Areas of UK for plotting#

The problem this analysis is trying to solve is to find a way to seperate addresses into larger regions:

  • To identify differences in regions

  • To be able to plot the data onto a map

This is split into 3 pages:#

The input data being used has UK postcodes, this can then either be converted to a latitude-longitude pair or a larger region that contains many post codes, such as a county or city region.

I’ll use the latter method so I can produce choropleth maps. There are a few different tools that can be used to plot these in python. I’ll use folium mainly because I have used it before.

To produce the choropleth maps from the postcode data, requires two things:

  1. A way to transform postcodes to larger regions

  2. Details of the polygons for those regions

Note: the regions in the two need to be the same.

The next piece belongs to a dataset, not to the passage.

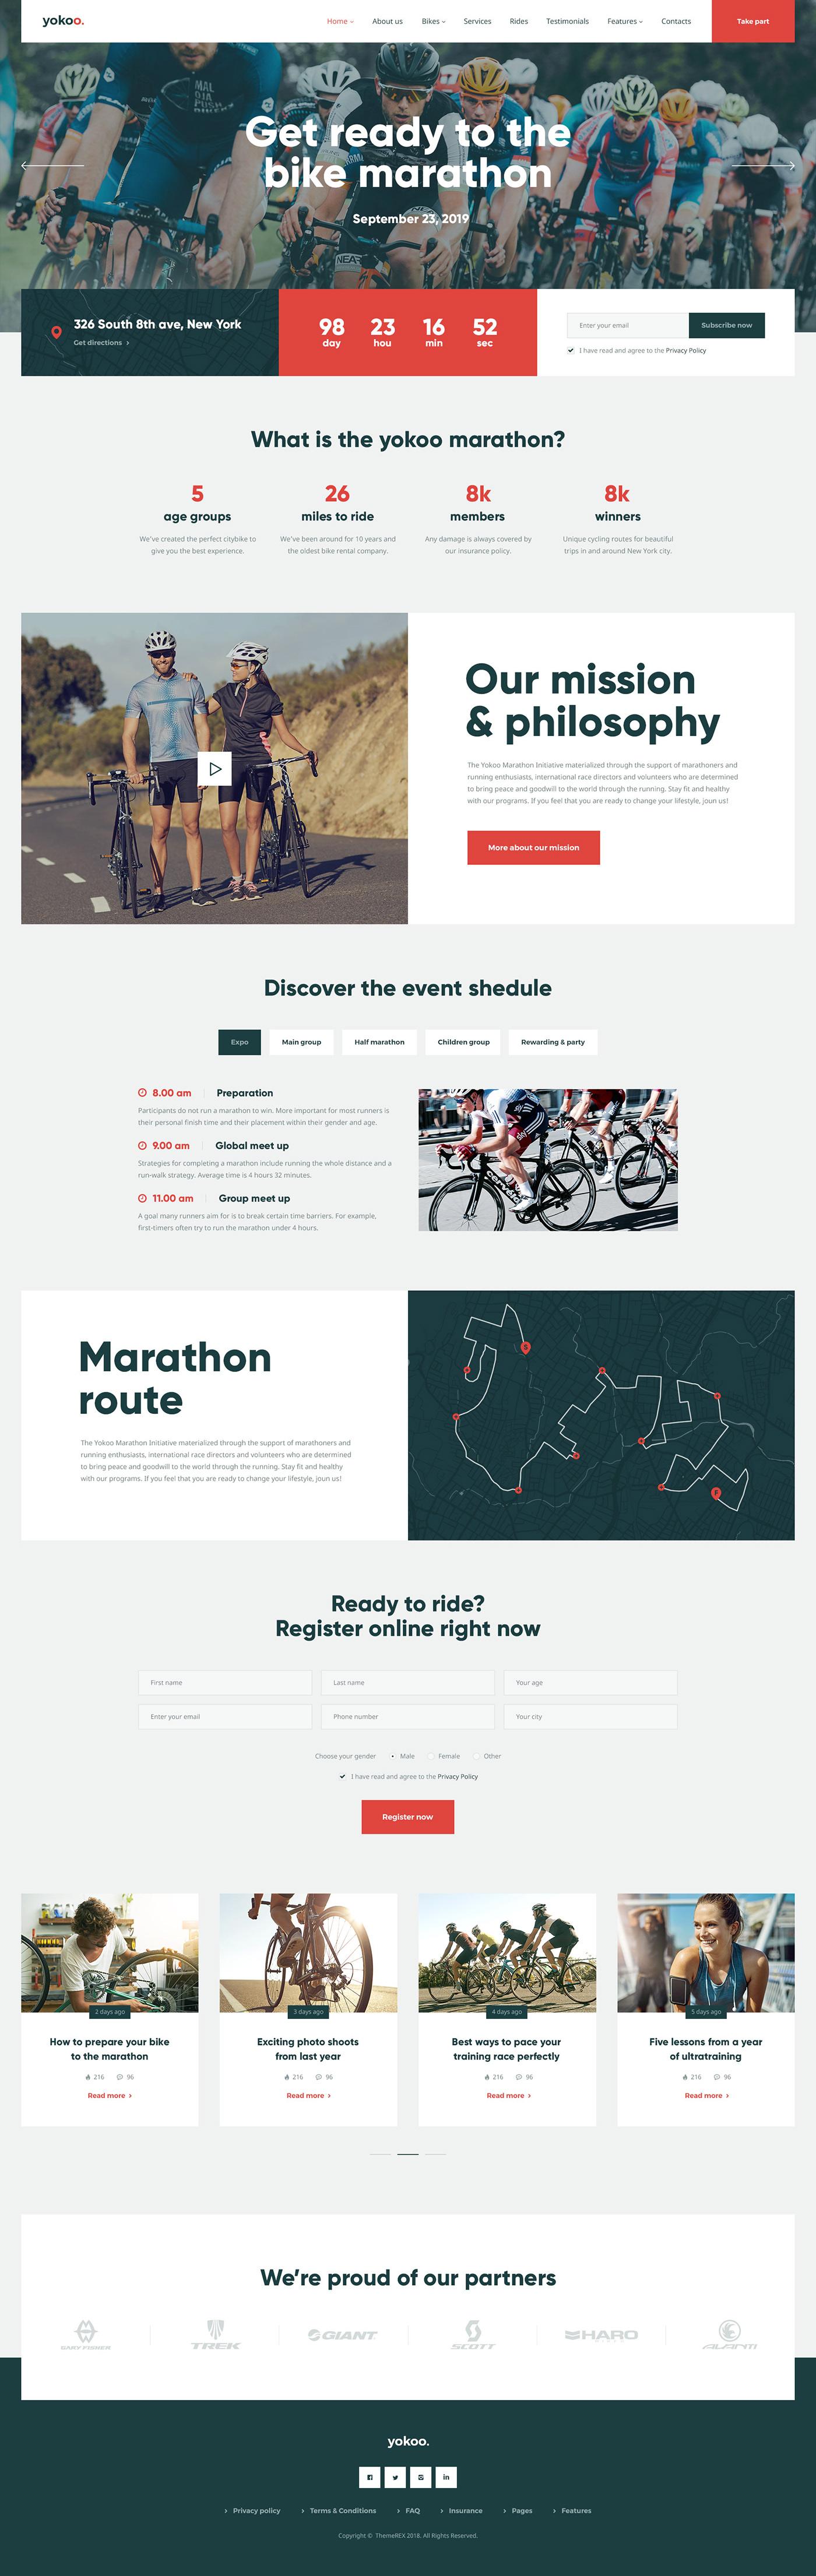 Image may contain: screenshot and bicycle

For smaller regions the UK census regions work well or maybe the best way to go is with a nearest neighbour algorithm?

Code to create maps#

# geometry data
import fiona
import geopandas as gpd
import json

# general - working with dataframes and numbers
import pandas as pd
import numpy as np

import os

# plot map parts
import folium
import branca.colormap as cm

def split_islands(df):
    """
    Takes a gpd dataframe of Scotland which needs reducing in size as too big to plot
        Highlands and Islands multi-polygon is split (or exploded) from a  multi-polygon to set of polygons, the first few are selected and then merged (dissolve) and combined with rest of df
    
    Args: df (geopandas dataframe) of Scottish data
    Returns: 
        df (geopandas dataframe) reduced in size
    
    """
    from shapely.geometry.polygon import Polygon
    from shapely.geometry.multipolygon import MultiPolygon
    
    # the islands is the 7th component
    gdf = df.iloc[7:8].copy()

    # slight mods to help change things
    gdf["geometry"] = [MultiPolygon([feature]) if isinstance(feature, Polygon)
                       else feature for feature in gdf["geometry"]]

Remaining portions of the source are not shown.